7318AFE Business Data Analytics - 24-Hour Assignment Questions

Get Expert's Help on Assessment Writing

Question 3 (10 marks)

Use the dataset yelp1000.xlsx to answer this question. The dataset contains the following columns: date, stars, text (restaurant text reviews), cool, useful, and funny.

  1. Create a pie plot of the number of reviews (texts) for each type of star rating. Find the most frequent word used (excluding stopwords) for each type of star rating.
  2. Obtain sentiment scores (compound, neg, neu and pos) of each review (text). Report the most positive text and the most negative one. How many texts are with neu score equal to 1?
  3. Find the interquartile range of compound for each stars group (1 to 5) and make a boxplot of compound using different color for each stars group. Comment on the outcomes.
  4. Find the total number of reviews in 2011 and 2012, respectively. Find the proportion of compound below zero in 2011 and 2012, respectively. Compute the 90% confidence interval of the proportion of compound below zero in 2011 and 2012, respectively.

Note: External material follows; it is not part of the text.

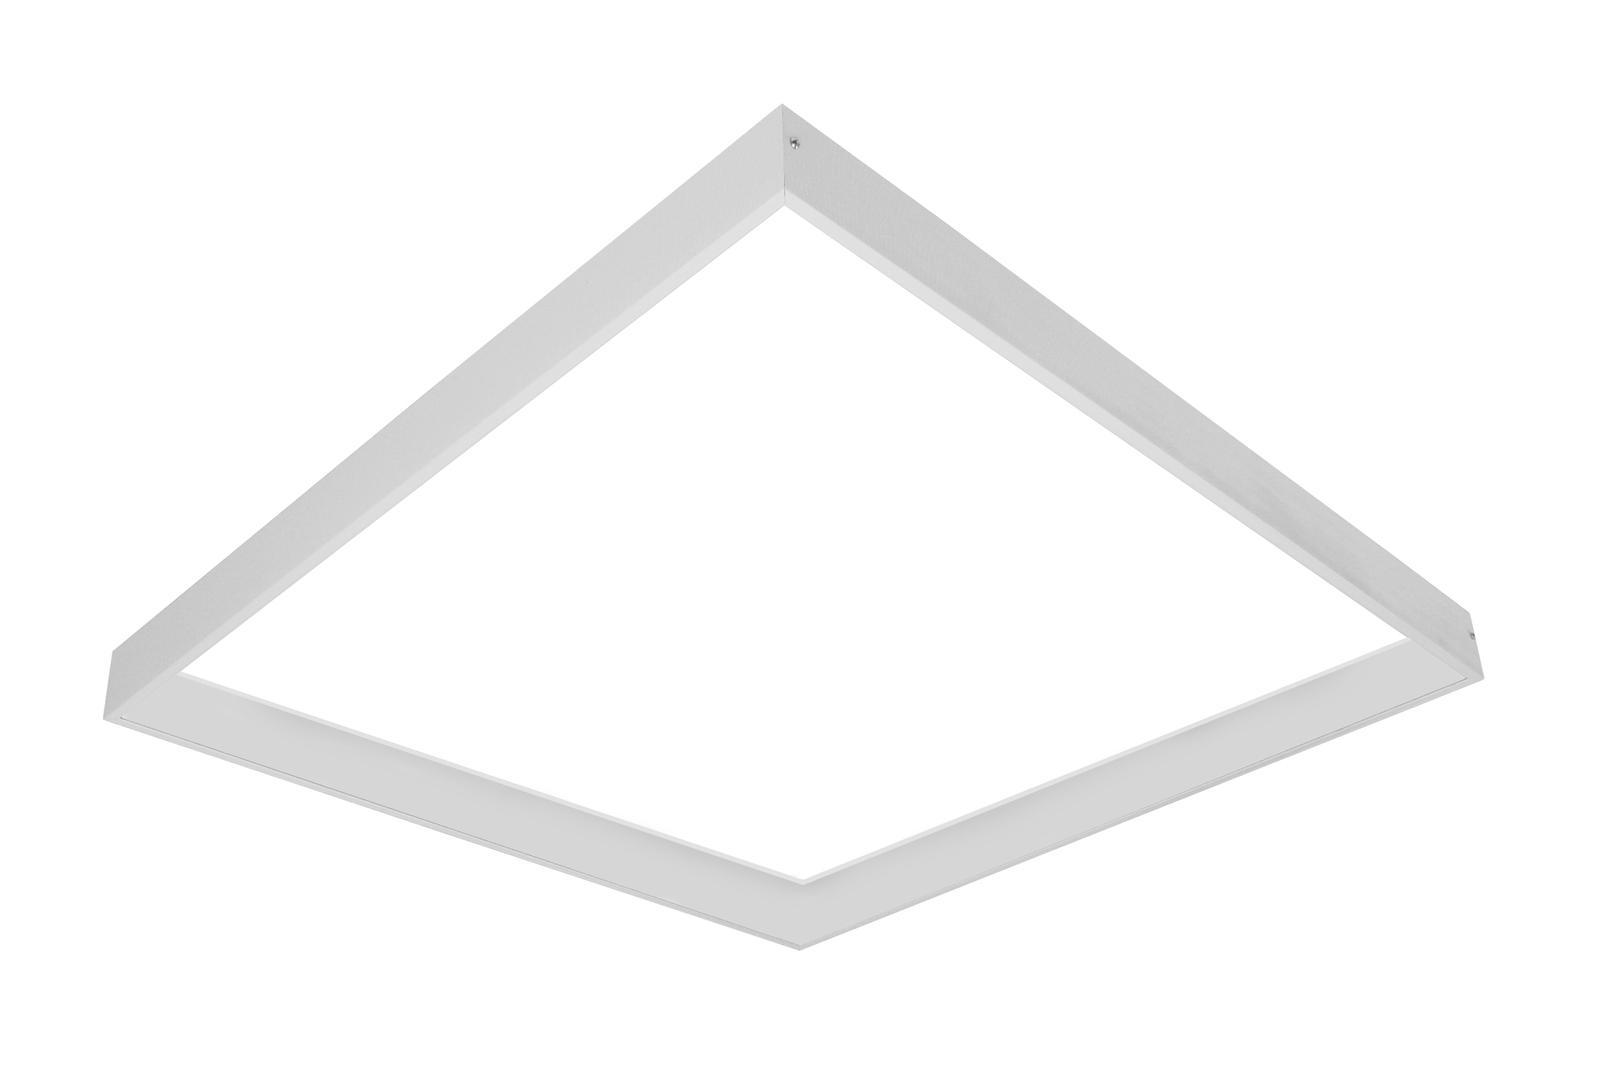 Suprafața cadrului de montare pentru panouri LED 60/60

Comment on the results.
  5. Use "apply(len)"to create a new column called "length" which is the number of words in the text column. Test if 60% (60 per cent) of the reviews (texts) are with more than 500 words (including space). State the null hypothesis and the alternative hypothesis. Comment on the results.

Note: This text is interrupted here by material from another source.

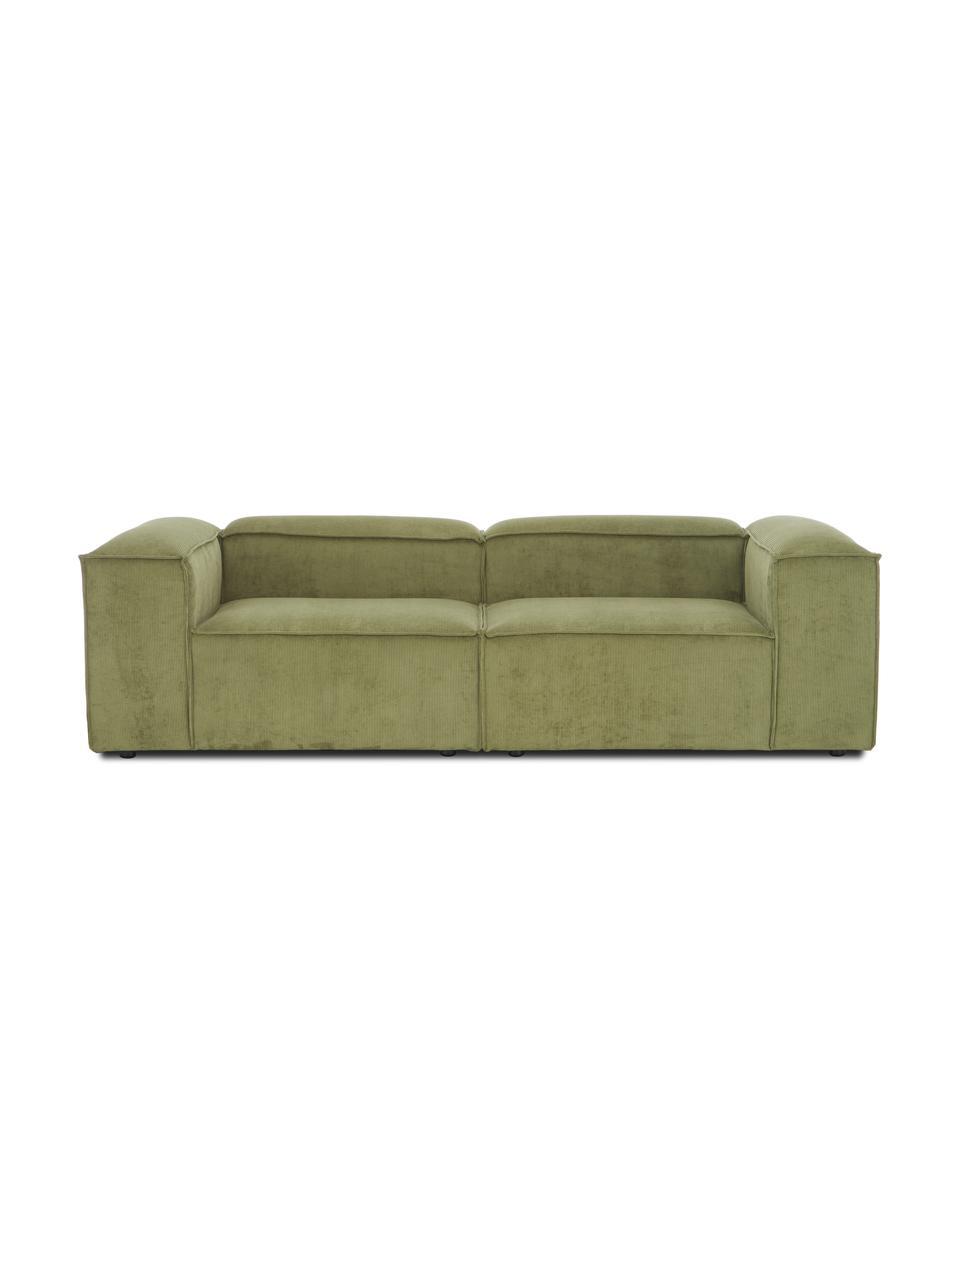 Modulaire bank Lennon (3-zits) in groen van corduroy, Bekleding: corduroy (92% polyester, , Frame: massief grenenhout, multi, Poten: kunststof De poten bevind, Corduroy groen, 238 x 119 cm

Get Your Customize Task on any subject starting 10$/Page

Expert's Answer

Hire Our PhD Expert Writers

 

Need Urgent Academic Assistance?

Price Starts from $10 Per Page

*
*
*
*

 

 

Plagiarism Checker

Submit your documents and get Plagiarism report
Check Plagiarism

Chat with our Experts

Want to contact us directly? No Problem. We are always here for you

TOP
Order Notification

[variable_1] from [variable_2] has just ordered [variable_3] Assignment [amount] minutes ago.